4. Continuing Security Interest. This Agreement shall create a
continuing security interest in the Collateral securing the Debtor's
obligations under the Note and shall (a) remain in full force and effect until
the payment in full of the Debtor's obligations under and pursuant to the terms
of the Note, (b) be binding upon the Debtor and its successors and assigns and
(c) inure to the benefit of the Secured Party and its successors, transferees
and assigns. Upon the termination of the security interest created hereby
pursuant to clause (a) above, the Secured Party shall, at the Debtor's request
and expense, deliver to the Debtor a release of all security interests granted
by the Debtor to the Secured Party pursuant to this Agreement.

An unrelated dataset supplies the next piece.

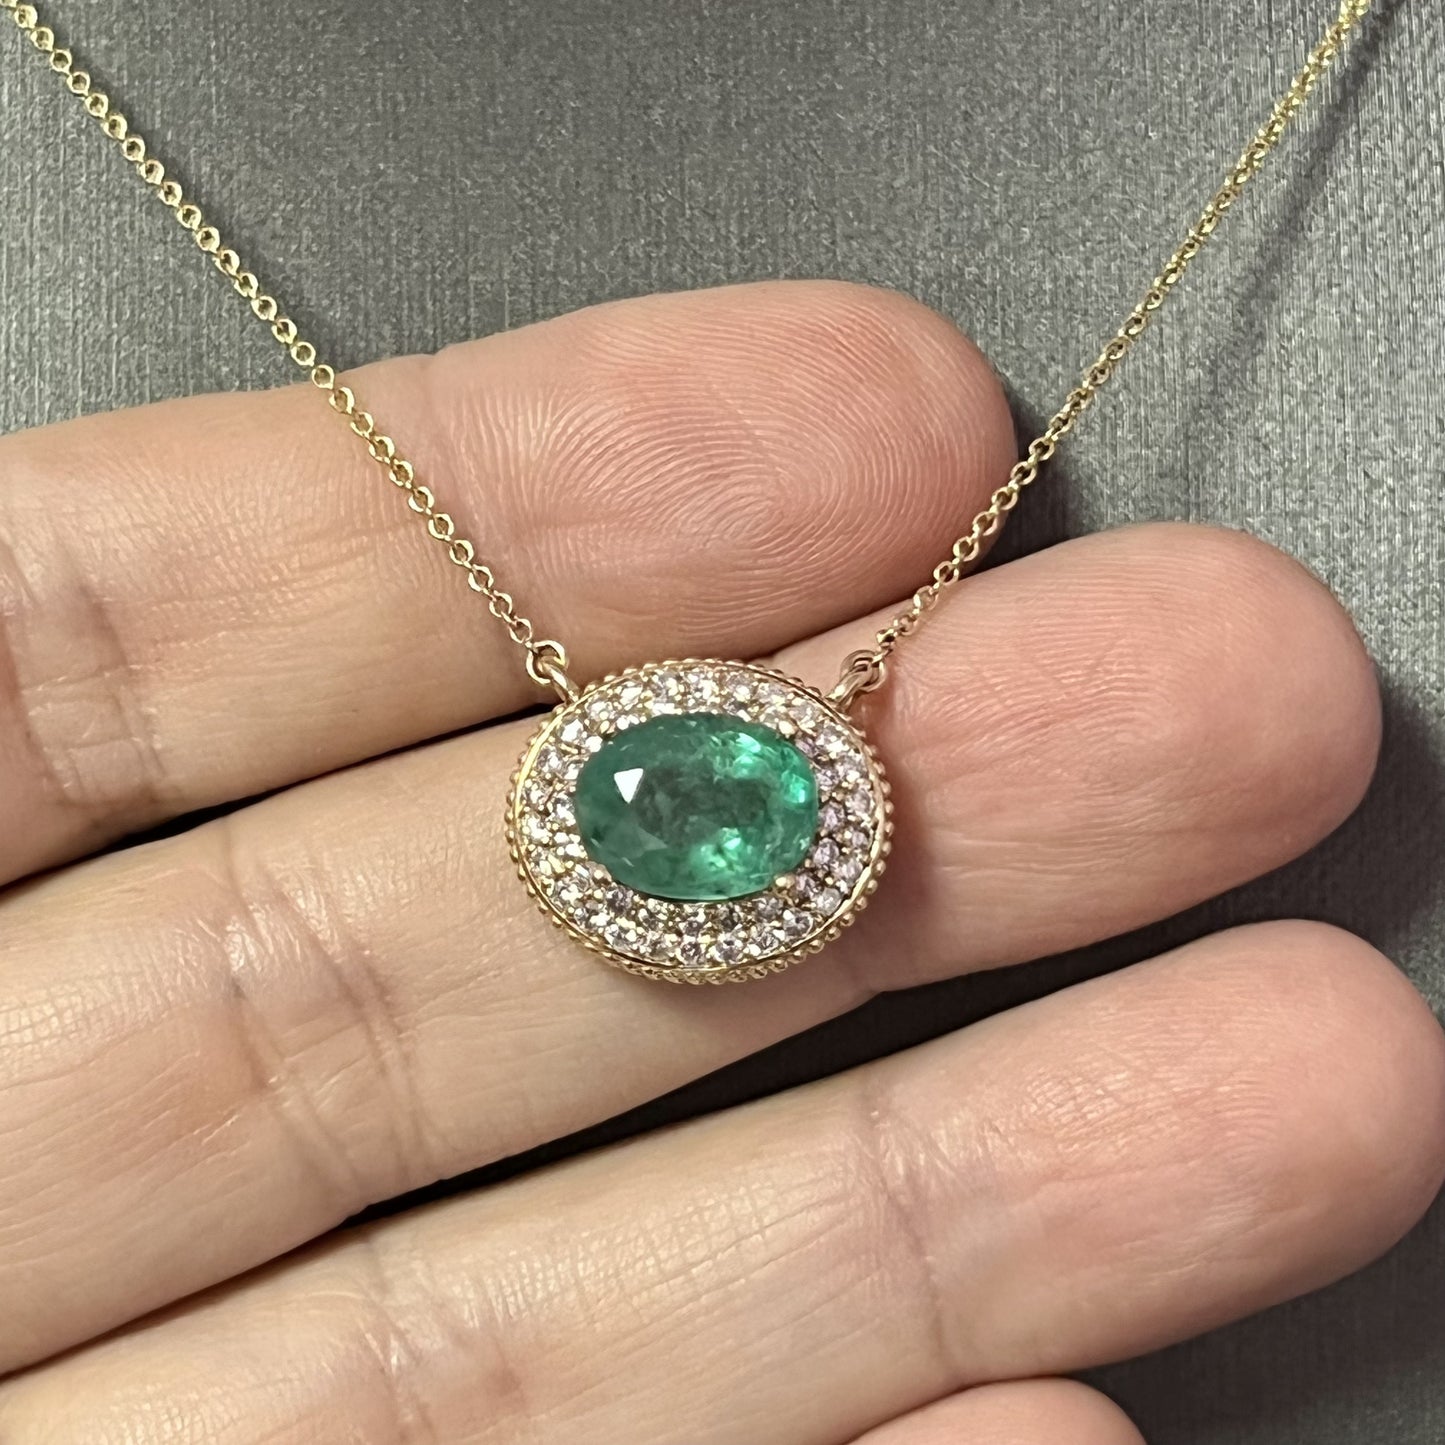 Natural Emerald Diamond Necklace 18" 14k Gold 6.29 TCW Certified $6,950 213253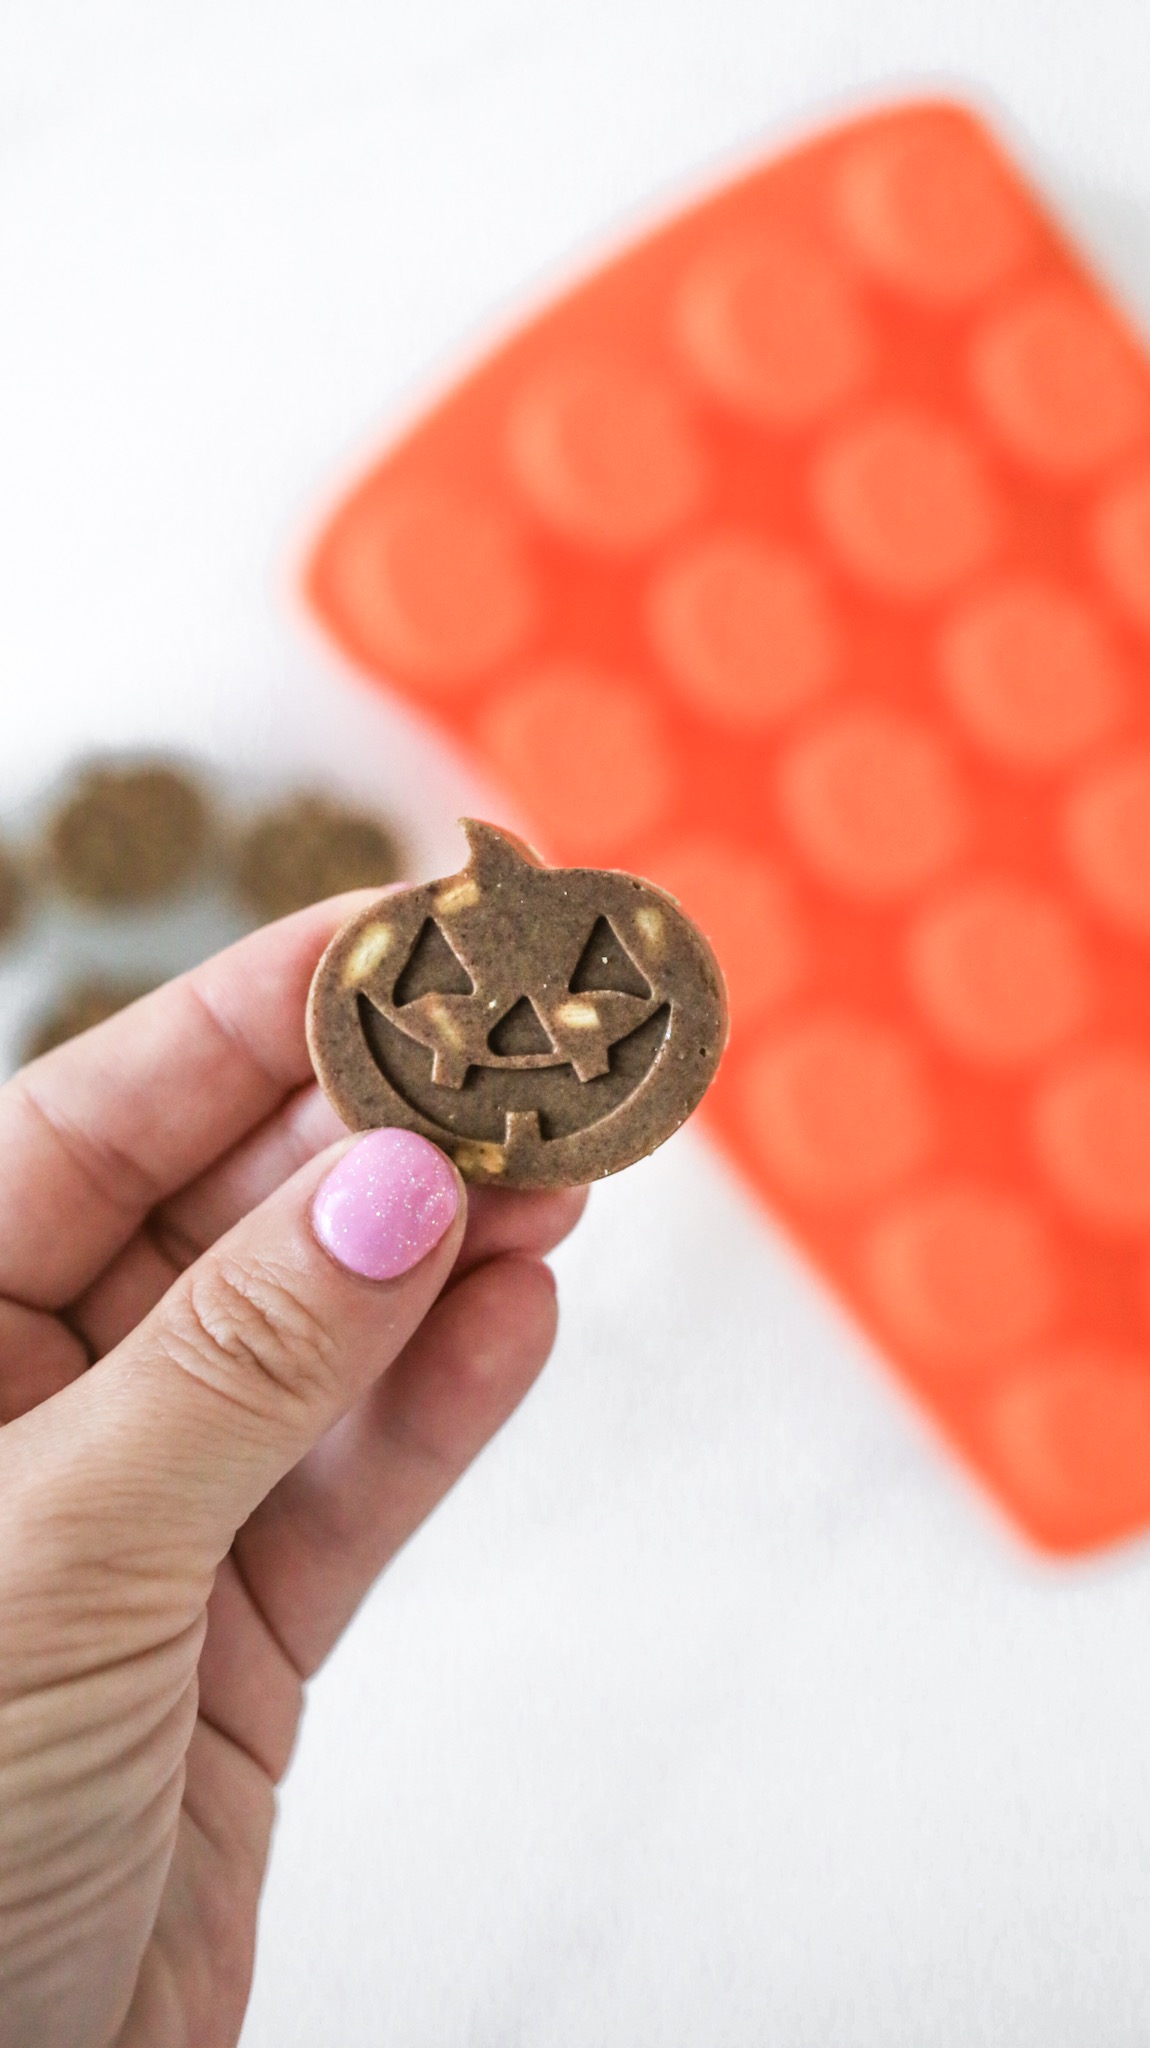 Keto Sunflower Seed Butter Cups

5. Realization Upon Collateral. If the Debtor shall fail to
perform any of its obligations under the Note when due (an "Event of Default"),
the Secured Party shall have all of the rights of a secured party under the
Uniform Commercial Code as in effect in the State of New Jersey (the "UCC"),
including, without limitation, the right to sell the Collateral at public or
private sale for cash or credit and on such terms as the Secured Party deems
reasonable. The Secured Party shall apply the proceeds of any realization on
the whole or any part of the Collateral after deducting all of its reasonable
expenses and costs incurred in collection and realization (including, without
limitation, reasonable counsel's fees and expenses) to the payment of the
Debtor's obligations under the Note; the balance, if any, of such proceeds shall
be paid to Debtor.
6. The Secured Party's Appointment as Attorney-in-Fact.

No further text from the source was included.